CHERI was originally developed using traditional systems and computer architecture methods, with prose and pseudocode descriptions of the architecture, hand-written test suites, and hardware and software prototypes – though with an unusual hardware/software co-design process. REMS created the opportunity for new collaborations between the original CHERI team, spanning systems, security, and computer architecture, and REMS researchers in semantics, verification, and programming languages. This gave us an ideal context to develop and try new rigorous engineering methods in practice:
- Since 2014, CHERI architecture research has used formal models of the architecture as central design tools – first in our L3 language, and now in our Sail language. The Sail version is used as the principal definition in the current working version of the CHERI ISA specification (to be released as version 7 of the CHERI architecture).
- An SML emulator (running at several hundred KIPS) automatically generated from the L3 formal model has been invaluable, e.g. to bring up a bootable CHERI version of FreeBSD above the model, and as an oracle for testing the CHERI hardware implementation.
- We have augmented the hand-written CHERI test suite with an automatic test generator: it creates randomized instruction sequences paired with precise descriptions of their required behaviour, machine-checked against our model by HOL4/SMT provers [26, 25, 24]. We have also produced a generic synthesisable test bench, BlueCheck . This has been used to check various microarchitectural properties of CHERI, finding some bugs. It has moreover been used for teaching in MIT (in the 6.175 Computer Architecture course).
- As a first exercise in developing mathematically rigorous proof of specific security properties about an architecture description, we have generated theorem-prover definitions (in the Isabelle and HOL4 provers), discussed and clarified some of the fundamental security properties the CHERI designers intended the architecture to guarantee, and produced machine proofs (in Isabelle) of some of these.
- We have proved (mechanised proof, in HOL4) correctness properties of the “CHERI-128” compressed capability scheme.

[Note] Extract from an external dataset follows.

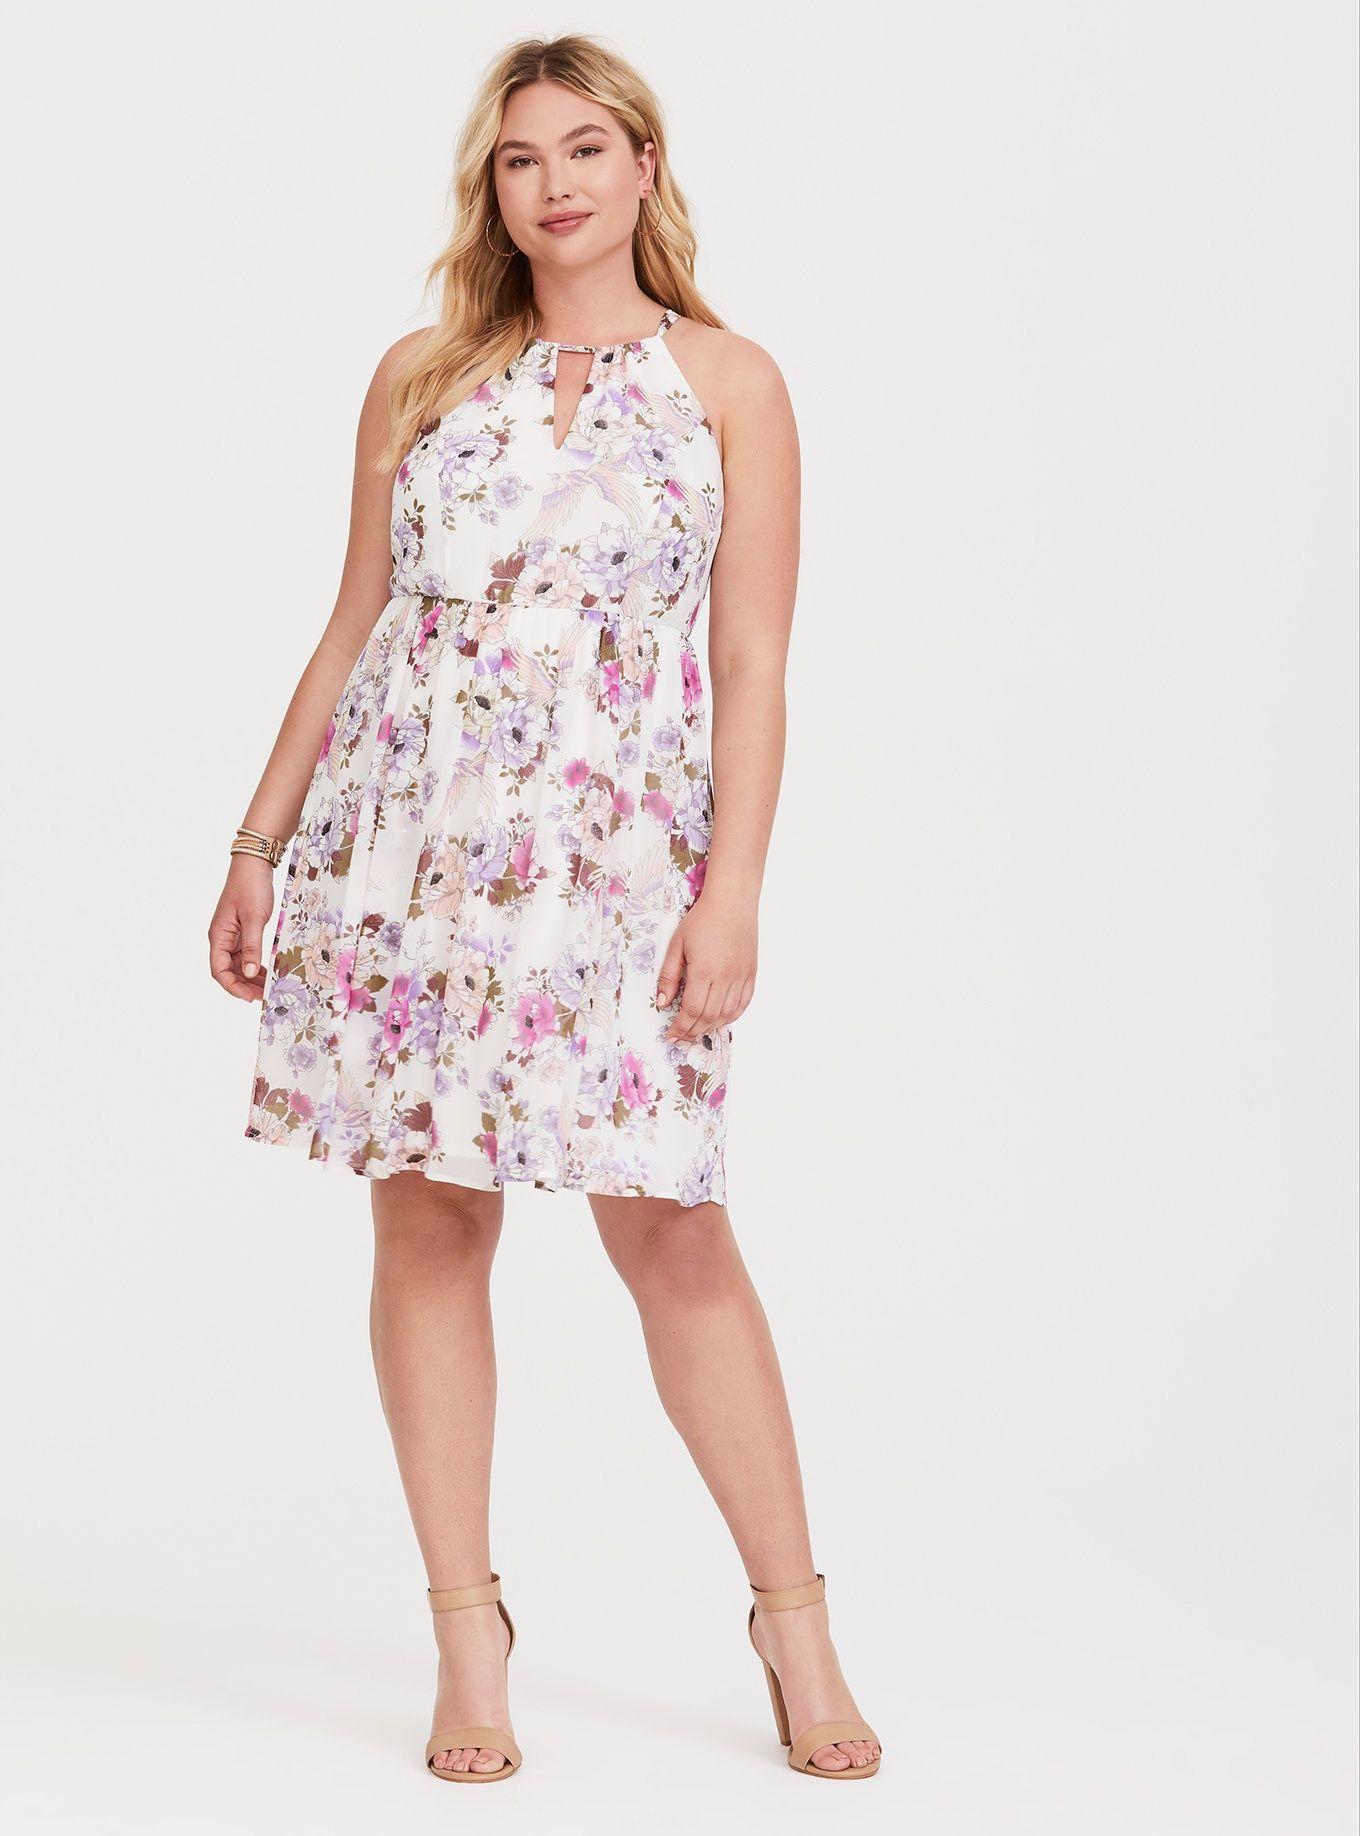 Ivory Floral Chiffon Mini Dress Dresses, Floral chiffon

- We have further contributed to the CHERI hardware implementation by building an efficient checker for its memory consistency model, our Axe tool , which has also been used for RISC-V.
The theory/practice interactions with the CHERI team have also been fruitful at higher levels in the stack, for the C language, linking, and OS interfaces, as we return to below. This has only been possible with intertwined groups that cover both systems and semantics at multiple layers of the stack, from hardware to systems software.
We have used L3 to define the user-mode instruction semantics for each of the target architectures of the CakeML verified compiler, and to generate proof infrastructure for them [64, 65, 66, 67]. CakeML uses the above ARMv6-A and ARMv8-A L3 models, together with MIPS and x86-64 models developed here and a RISC-V model developed by our partners at SRI International.